# Attention Mechanisms and Transformer Models

## Introduction

Attention mechanisms have revolutionized the field of deep learning, particularly in natural language processing (NLP). They enable models to focus on specific parts of the input when generating each part of the output, effectively capturing long-range dependencies and improving performance on tasks like machine translation, text summarization, and question answering.

Transformer models, introduced by Vaswani et al. in 2017 [[1]](#ref1), leverage attention mechanisms entirely, dispensing with recurrence and convolutions. This innovation has led to significant advancements in NLP and beyond.

In this tutorial, we'll delve into attention mechanisms, explore the Transformer architecture, implement a Transformer model using TensorFlow and Keras, and discuss the latest developments in this rapidly evolving field.

## Table of Contents

1. [Understanding Attention Mechanisms](#1)
   - [Motivation](#1.1)
   - [Mathematical Formulation](#1.2)
2. [The Transformer Model](#2)
   - [Architecture Overview](#2.1)
   - [Multi-Head Attention](#2.2)
   - [Positional Encoding](#2.3)
3. [Implementing a Transformer Model](#3)
   - [Dataset Preparation](#3.1)
   - [Building the Transformer](#3.2)
   - [Training the Model](#3.3)
   - [Evaluating Performance](#3.4)
4. [Latest Developments in Transformers](#4)
   - [BERT (Bidirectional Encoder Representations from Transformers)](#4.1)
   - [GPT Series](#4.2)
   - [T5 (Text-to-Text Transfer Transformer)](#4.3)
   - [Vision Transformers (ViT)](#4.4)
5. [Conclusion](#5)
6. [References](#6)


<a id="1"></a>
## 1. Understanding Attention Mechanisms

<a id="1.1"></a>
### Motivation

In traditional sequence-to-sequence (seq2seq) models, the encoder compresses the input sequence into a fixed-length context vector, which the decoder then uses to generate the output sequence. This approach can struggle with long input sequences because the fixed-length vector cannot capture all the necessary information.
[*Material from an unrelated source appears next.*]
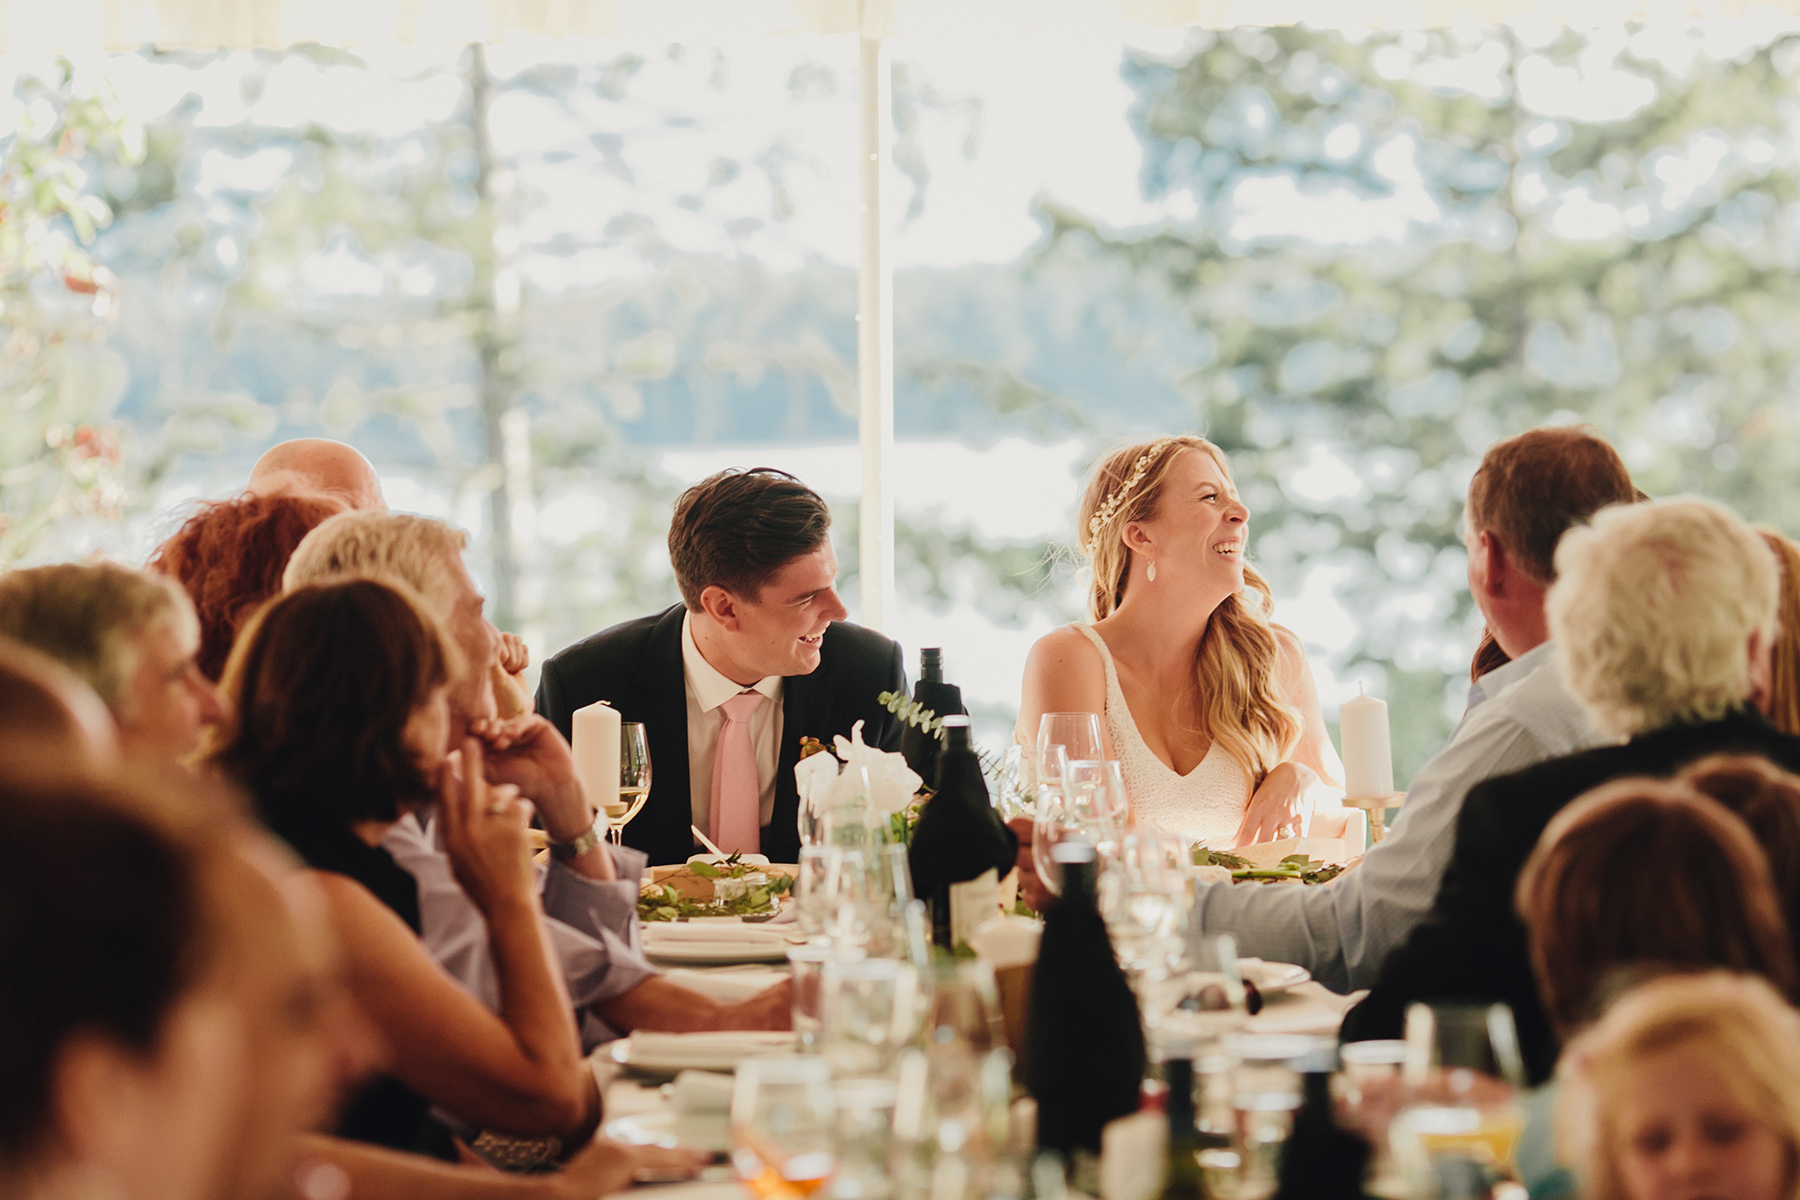 galiano-island-bodega-destination-wedding-0086.JPG

Attention mechanisms address this limitation by allowing the decoder to selectively focus on different parts of the input sequence at each decoding step.

<a id="1.2"></a>
### Mathematical Formulation

The attention mechanism computes a weighted sum of the encoder's hidden states, where the weights (attention scores) reflect the relevance of each hidden state to the current decoding step.

Given:

- Encoder hidden states: $( \mathbf{H} = [\mathbf{h}_1, \mathbf{h}_2, \dots, \mathbf{h}_n] )$
- Decoder hidden state at time $( t )$: $( \mathbf{s}_t )$

The attention weights $( \alpha_{t,i} )$ are computed using an alignment model $( a )$:

$[
e_{t,i} = a(\mathbf{s}_{t-1}, \mathbf{h}_i)
]$

$[
\alpha_{t,i} = \frac{\exp(e_{t,i})}{\sum_{k=1}^{n} \exp(e_{t,k})}
]$

The context vector $( \mathbf{c}_t )$ is the weighted sum:

$[
\mathbf{c}_t = \sum_{i=1}^{n} \alpha_{t,i} \mathbf{h}_i
]$

The decoder then uses $( \mathbf{c}_t )$ to generate the output at time $( t )$.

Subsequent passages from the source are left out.